As you can see, XML is considerably more verbose than CSV, particularly when the data is tabular in nature. If we have more than one message in our data, then we have to come up with a higher-level root of the tree &mdash; we'll use  `<data>`. Then each row in the table has a corresponding `<message>` element. Third, we should be explicit about the fact that there are two distinct people to whom the messages are addressed. We'll represent this by having separate `<to>` elements for each of them.
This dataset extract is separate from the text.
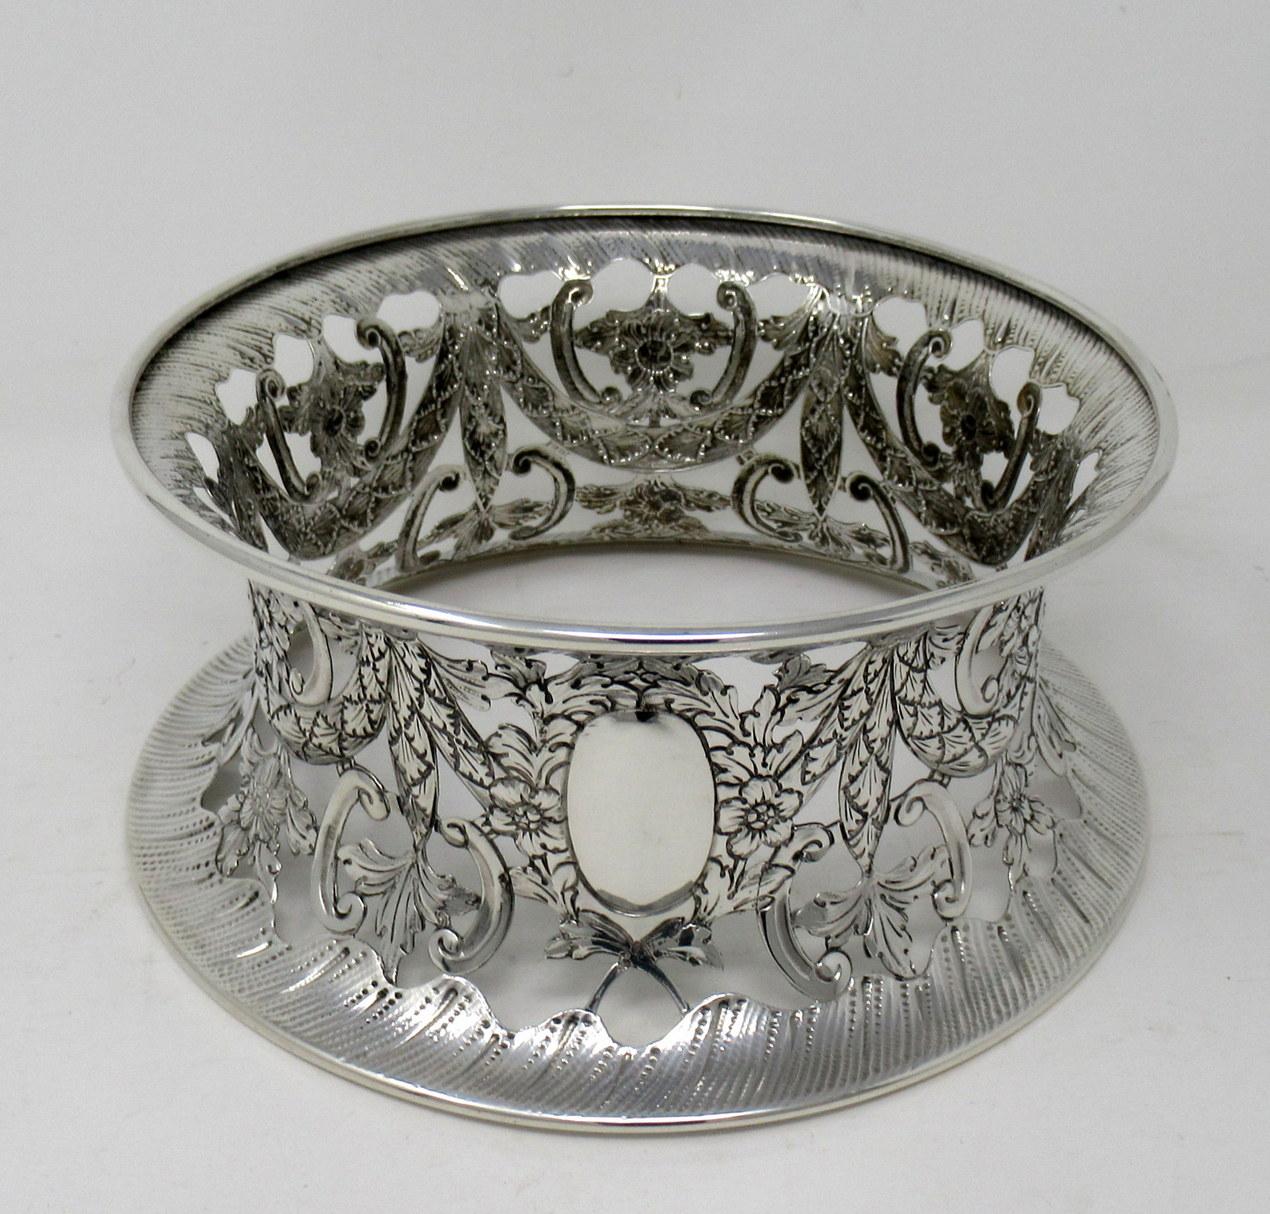 An exquisite Georgian style sterling silver English heavy Gauge table dish ring of traditional waisted form and unusually large size. 

The circular inverted sided lavish pierced body depicting chased garlands and swags with flowers. The central
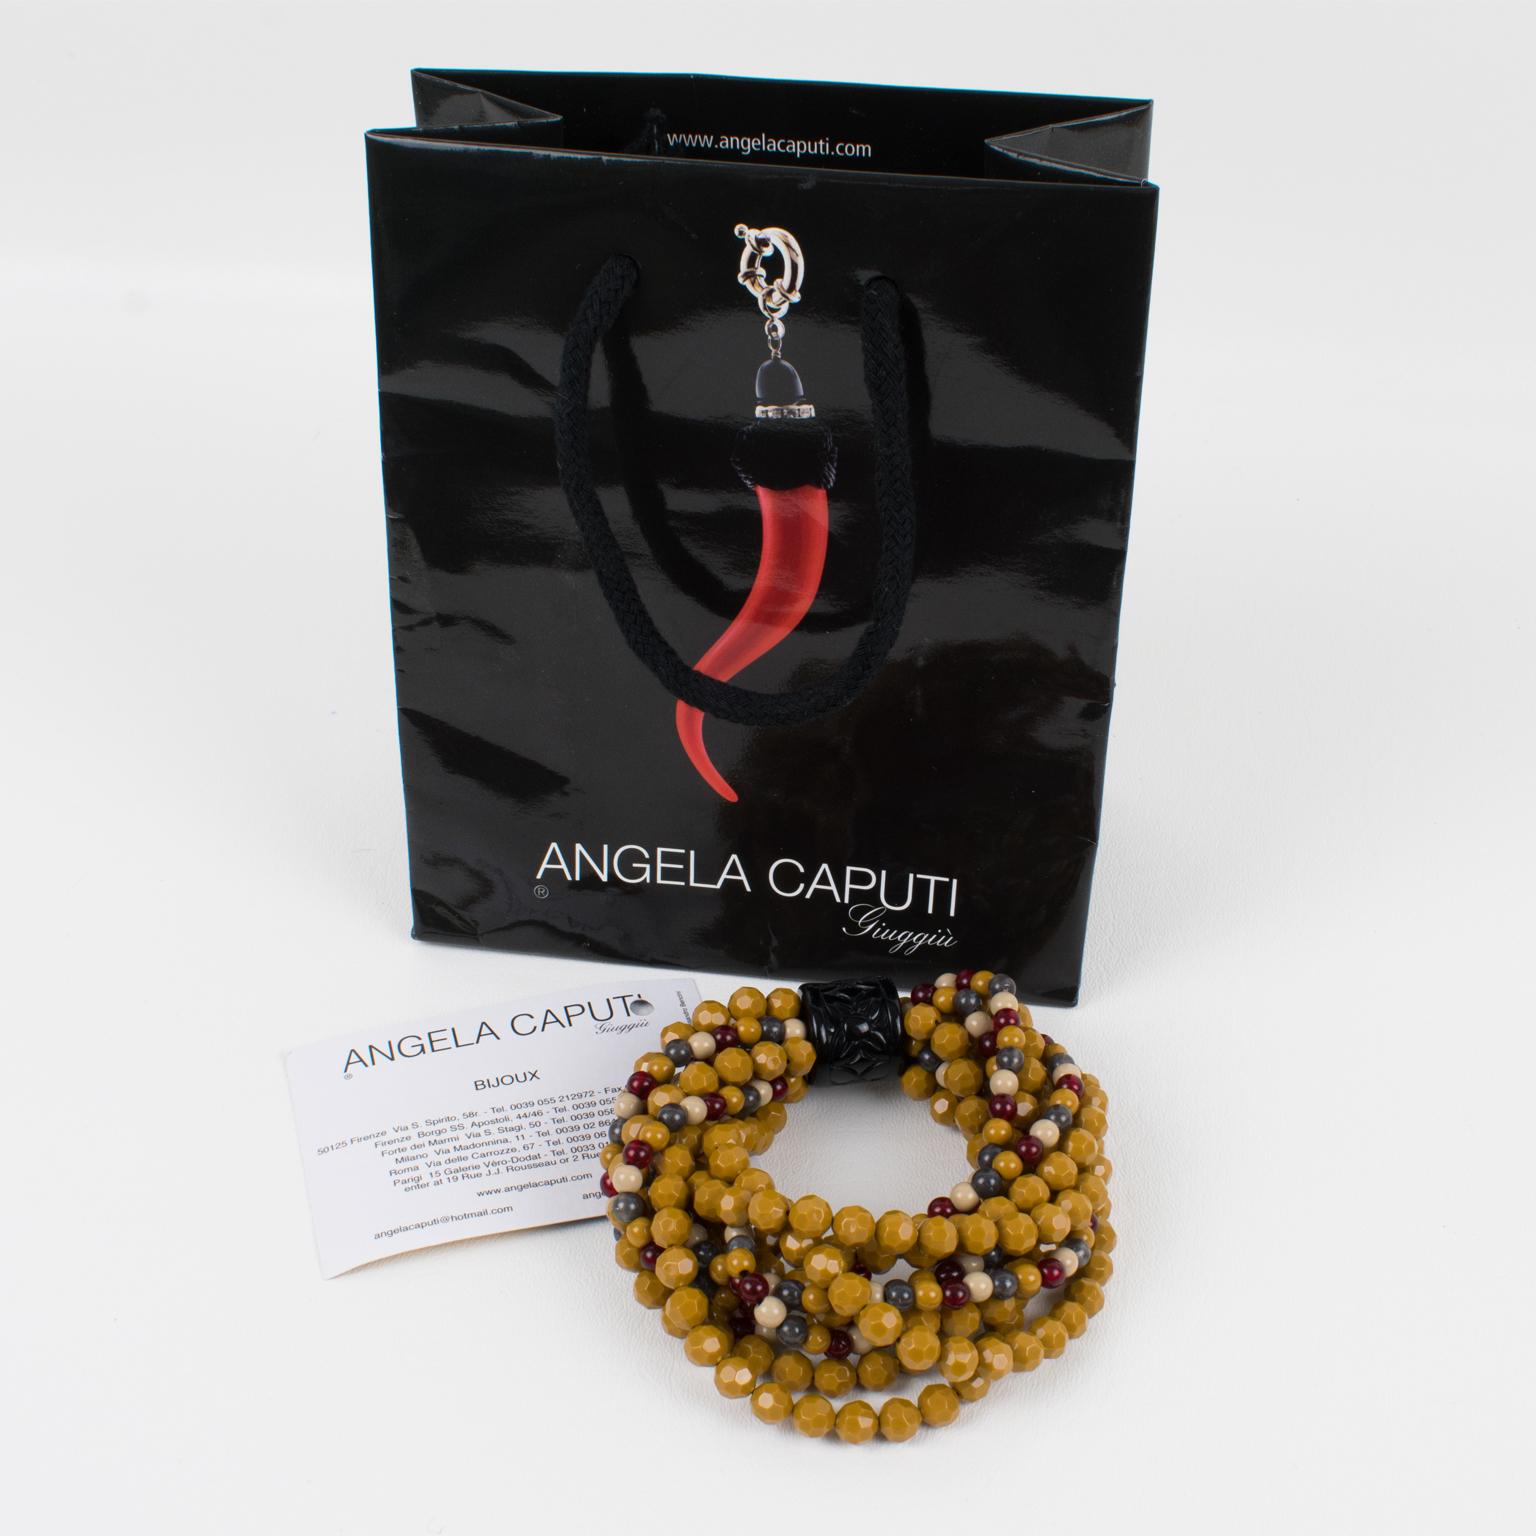 Lovely Angela Caputi, made in Italy resin beaded bracelet. Oversized multi-strand design with faceted beads in burgundy red, light beige, gray, and yellow Dijon mustard colors. B
The bracelet is built on stretch links so one size fits all. Her

We've put this all into a file called `messages.xml` and the result of parsing this file (with the [lxml library](http://lxml.de/tutorial.html)) is shown below.

In [19]:
from lxml import etree
tree = etree.parse("../data/formats/messages.xml")
print(etree.tostring(top, pretty_print = True, encoding="unicode"))

<data>
  <message>
    <to>James</to>
    <to>Ewan</to>
    <from>Arno</from>
    <heading>Reminder</heading>
    <body>Cycling to Cramond today!</body>
    <date>13/10/2015</date>
  </message>
  <message>
    <to>Arno</to>
    <to>Ewan</to>
    <from>James</from>
    <heading>Re: Reminder</heading>
    <body>Let's walk instead</body>
    <date>14/10/2015</date>
  </message>
</data>



For more information, see this [W3C XML Tutorial](http://www.w3schools.com/xml/)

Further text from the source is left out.